Despite the huge tax increase, Maryland has gone from a $1 billion surplus in 2006 to a $1.9 billion deficit in 2009. This is due to significant spending increases, a failure to curtail the growth of government and disappointing revenue from state income taxes. Maryland’s budget is currently $3 billion higher than Pennsylvania’s, and over $1.5 billion higher than Virginia, two states with much higher populations and land territory.
Maryland has experienced a remarkable drop in just one year. In the rankings of the best states to do business, Maryland went from the 24th to the 45th position according to the Tax Foundation. The states rated worse than Maryland are Rhode Island, Ohio, California, New York, and New Jersey, and all of them have experienced huge economic declines as businesses either flee or fail to expand.
According to the “D.C. Examiner’:
“Decades of empirical research prove that economic growth in high-tax states consistently lags behind states with lower tax burdens. The 10 states with the lowest taxes also attracted almost 10 percent more new residents during the last decade than their high-tax counterparts.
“Just last year, 144,000 people fled from California’s punishing taxes, the highest state-to-state migration in the U.S. The ramifications of losing revenue-producing businesses and highly-skilled workers to lower-tax states should by now be apparent even to big-spending governors like Maryland’s Martin O’Malley and California’s Arnold Schwarzenegger – long-term economic decline.”
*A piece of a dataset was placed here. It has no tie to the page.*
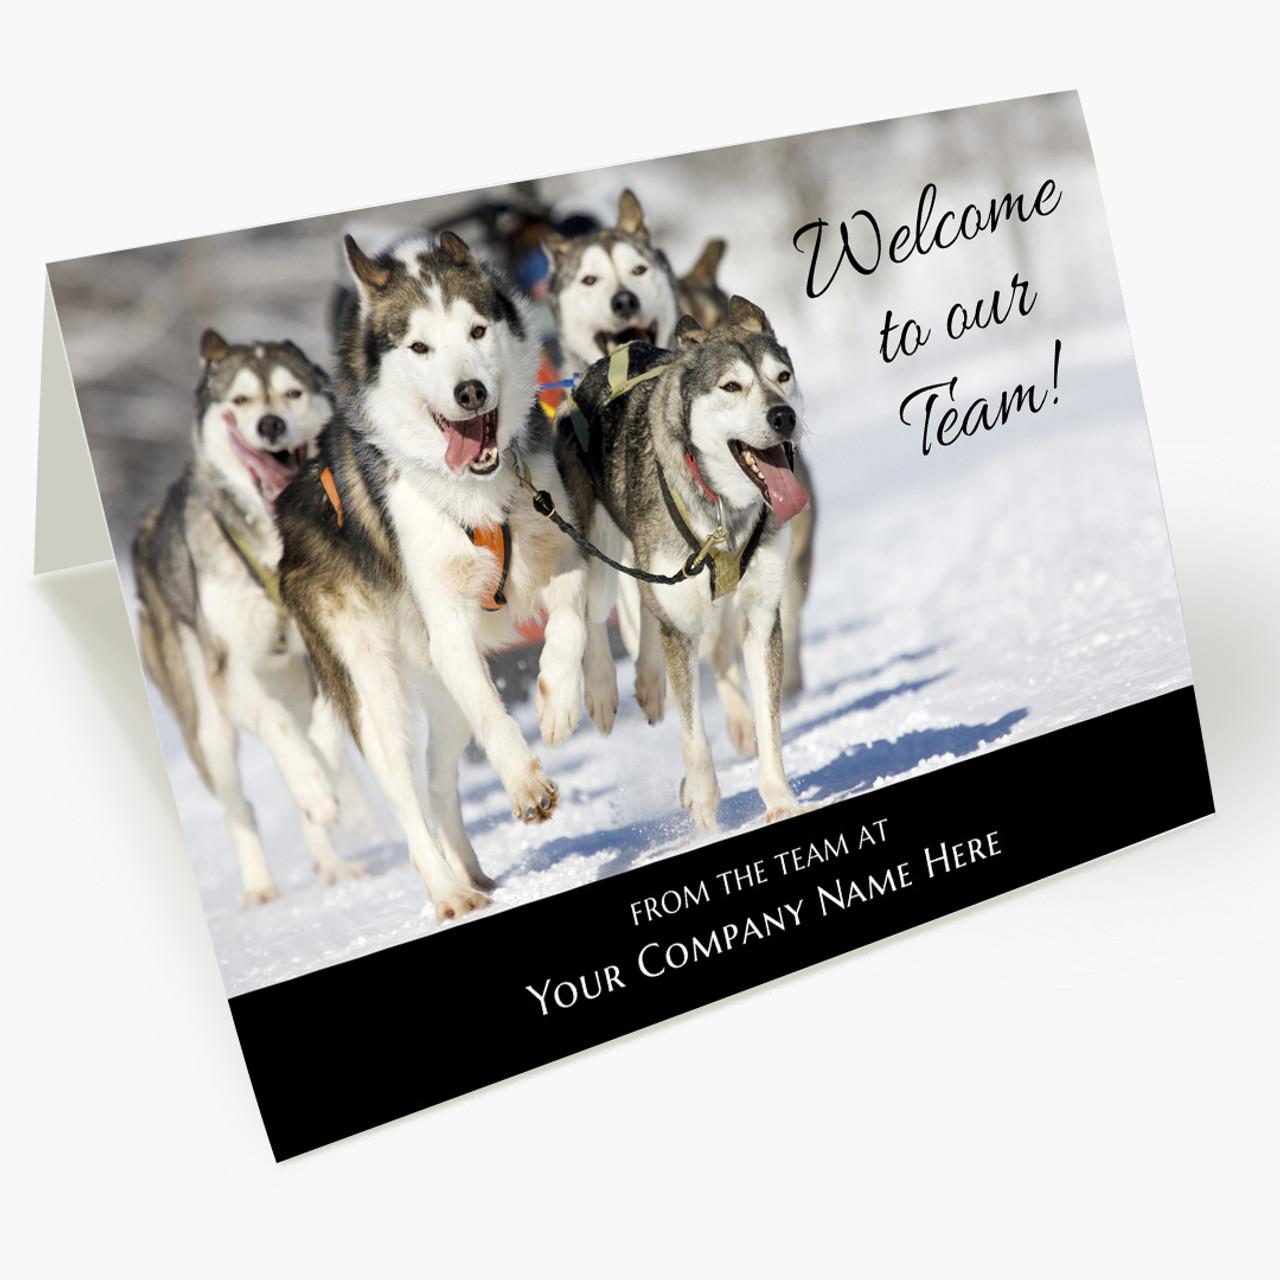 Welcome Team Card

Most Marylanders live within 45 miles of the state line and can shop elsewhere, including some who enjoy tax-free shopping in Delaware. Many other states have already learned that you cannot tax your way into prosperity. Hiking taxes might provide a spike in revenue in the short term, but over the long haul they devastate an economy.
Michigan ranks as the 12th worst state for business and it has done little to slow the outbound migration of its residents. In fact, they have done the opposite by imposition of additional regulatory burdens.
The neighboring state of Indiana has responded by erecting billboards near the border encouraging Michigan and Illinois residents to, “Come on IN for Lower Taxes, Business and Housing Costs.” The story in all of the high tax states is similar, and their decline has been rapid and astonishing. In the 1960s they were judged to be among the most business-friendly states because of light tax burdens. That helped attract a steady stream of businesses and residents and produced robust economic growth.
The rapid growth of state and local government – whose employment increased by 15 percent from 2000 through 2006 alone in the high tax states – has created a huge public work force not about to vote for eliminating its perks and benefits.
The residents of these states continue to flee and they are doing so at a record rate. The implications are staggering. People are the basis of all economic development. It is people who create, produce, employ, work and generate wealth.
The process of decline is now beginning in Maryland, but it can be reversed. If Maryland restores its business friendly reputation its residents will not be lured by “opportunity states.” During the recent campaign then Senator Joe Biden (D-DE) said it was patriotic to pay higher taxes. Now residents of Maryland can consider themselves as among the most patriotic in the nation.